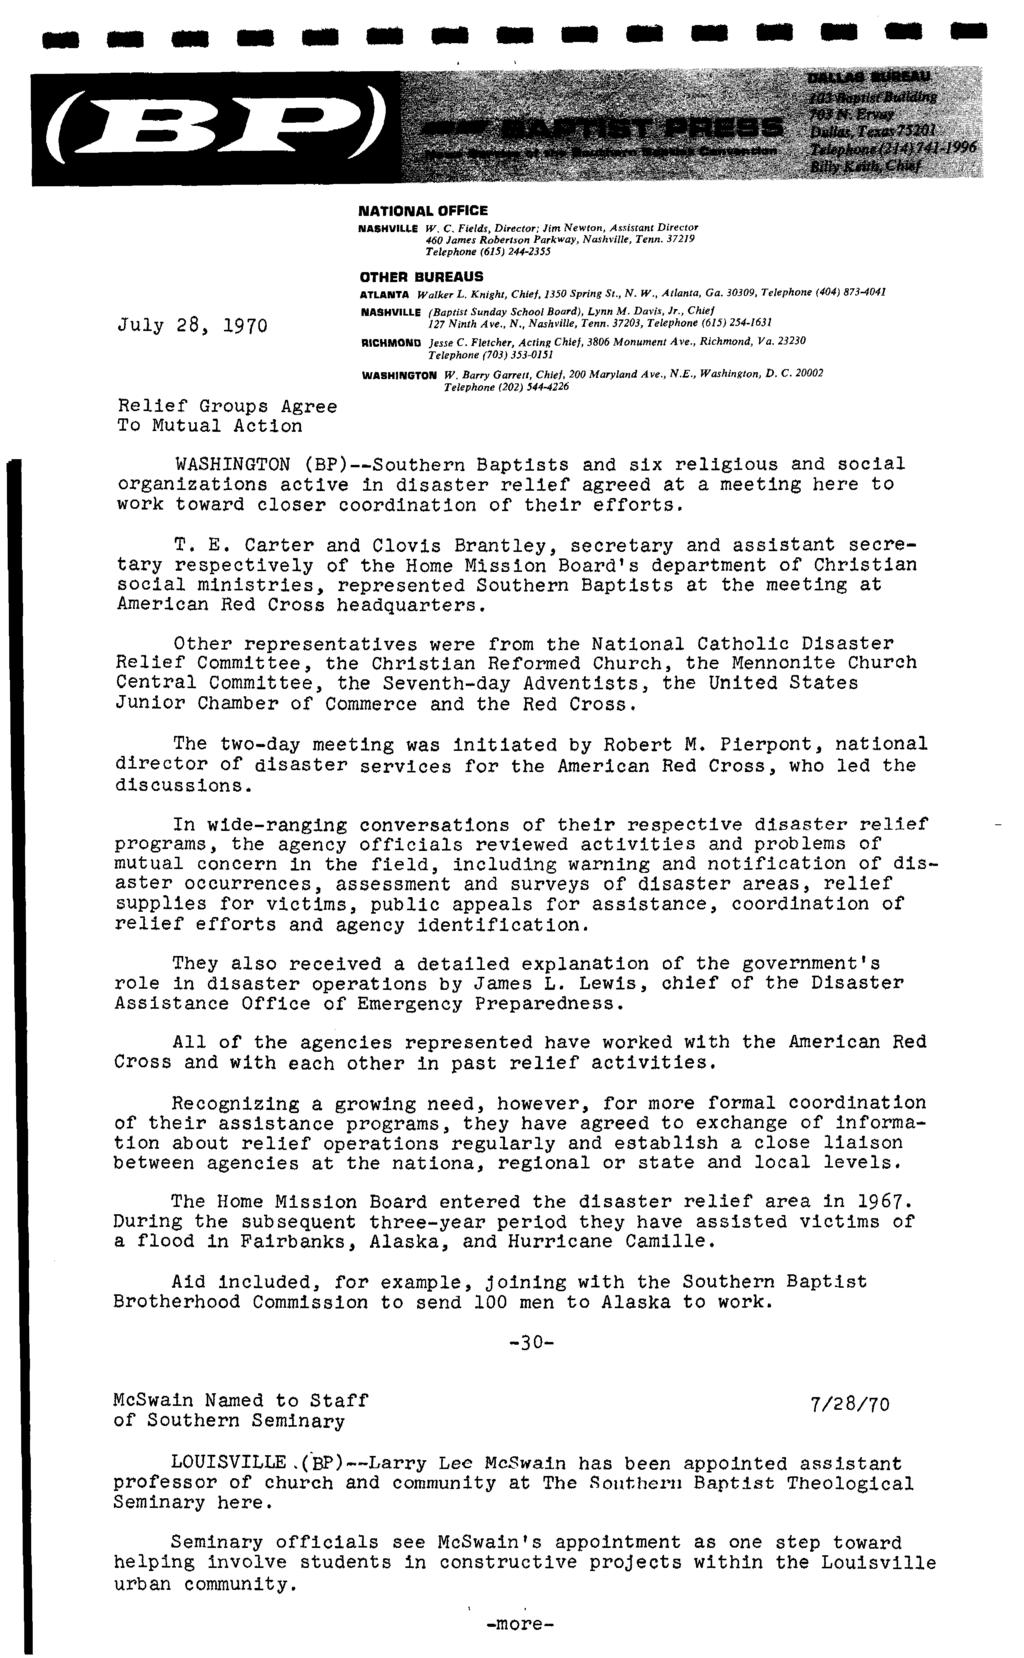 ------------_... JUly 28, 1970 Relief Groups Agree To Mutual Action NATIONAL OFFICE NASHVILLE W. C. Fields, Director; Jim Newton, Assistant Director 460 James Roberlson Parkway, Nashville, Tenn.
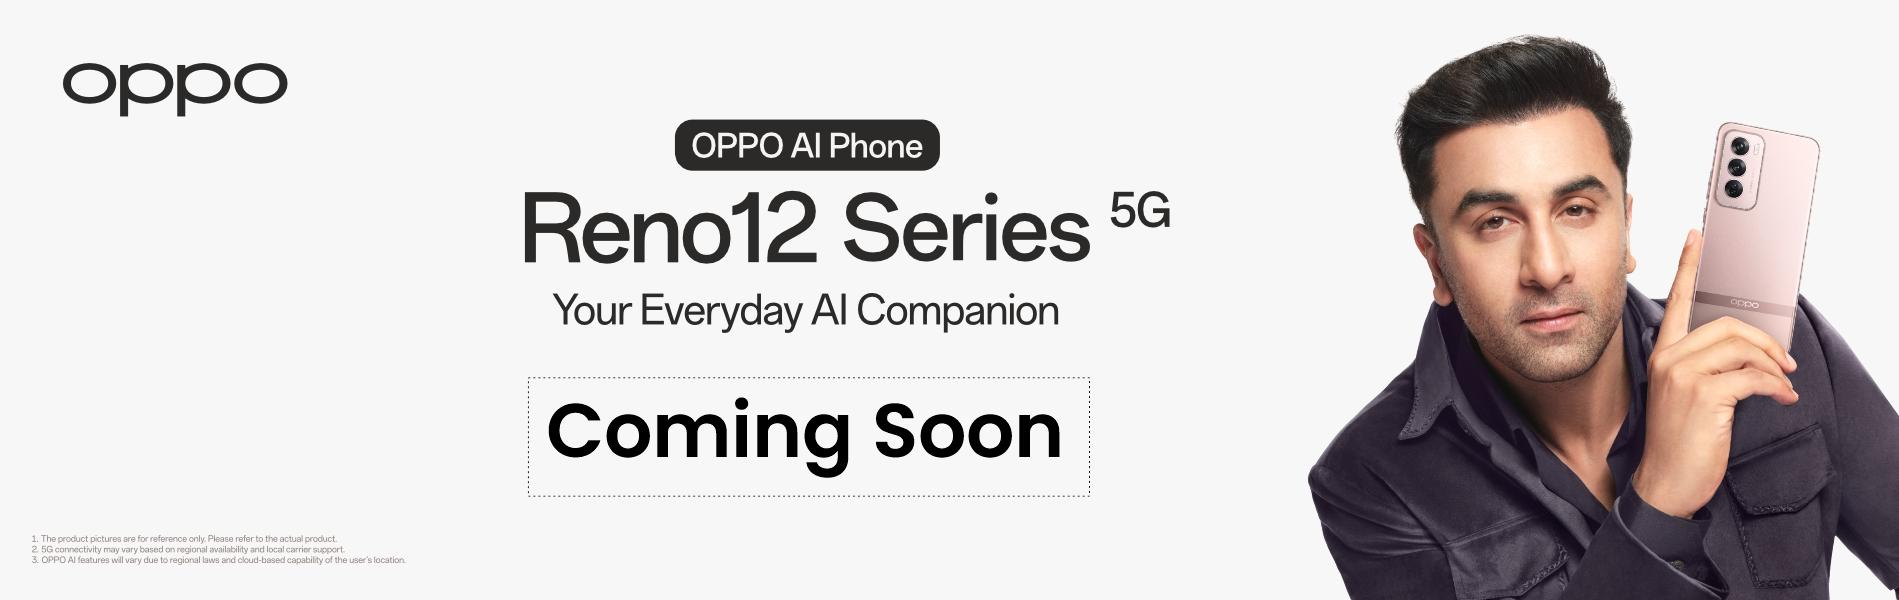 Oppo Reno 12 Coming Soon 
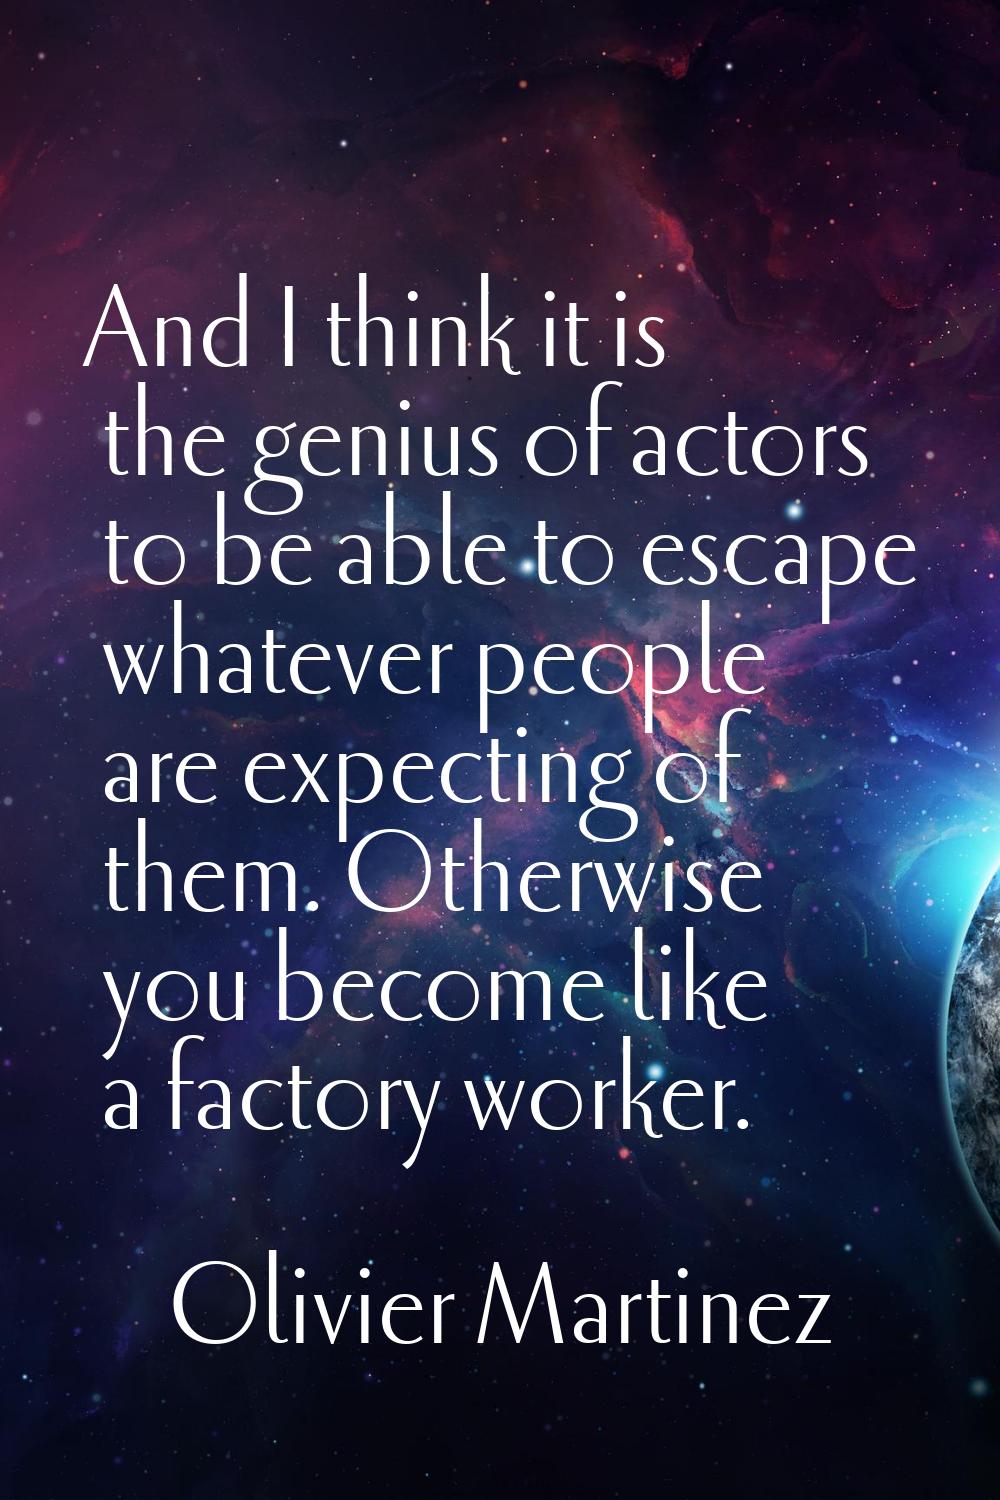 And I think it is the genius of actors to be able to escape whatever people are expecting of them. 
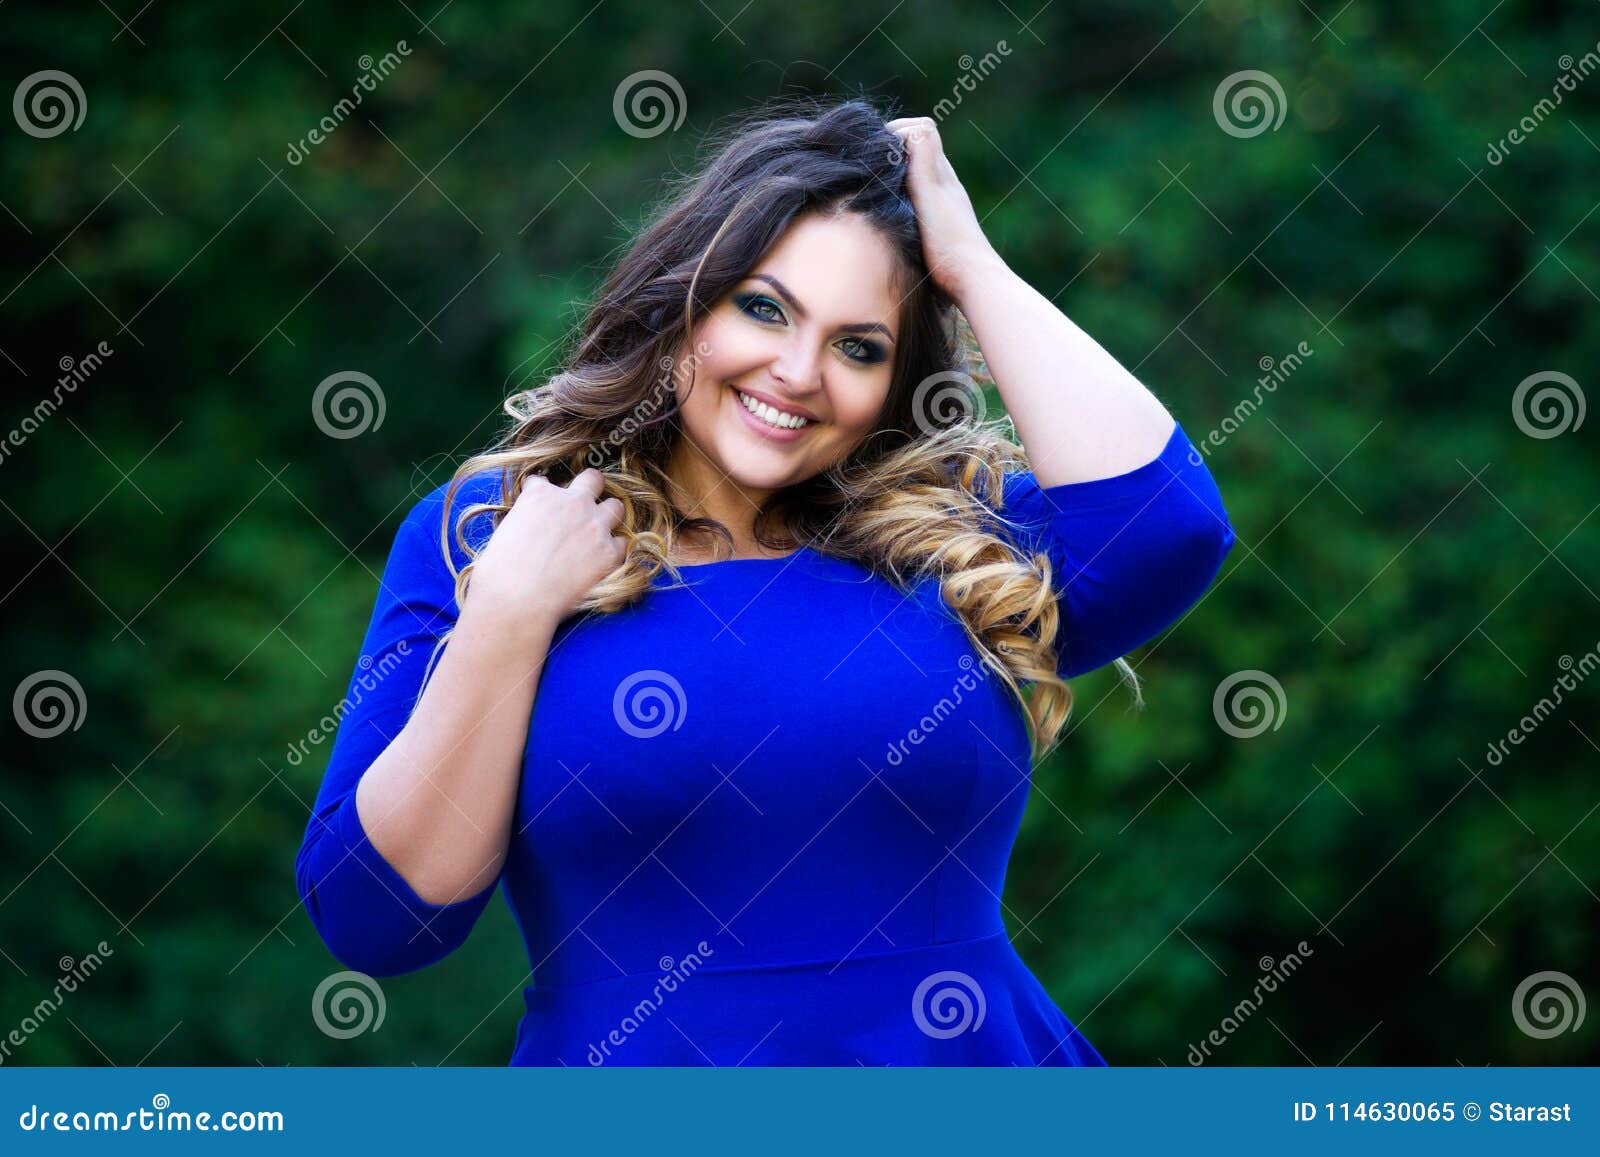 Happy Plus Size Fashion Model in Blue Dress Outdoors, Happiness Beauty ...

* **TASK STATEMENT**: Excluding images, output exactly the lines from the one that holds "Oppo Reno 12 Coming Soon" through the final line of the material, both ends included.

* **WRITTEN RESPONSE**:
 Oppo Reno 12 Coming Soon 
 And I think it is the genius of actors to be able to escape whatever people are expecting of them. 
 Happy Plus Size Fashion Model in Blue Dress Outdoors, Happiness Beauty ...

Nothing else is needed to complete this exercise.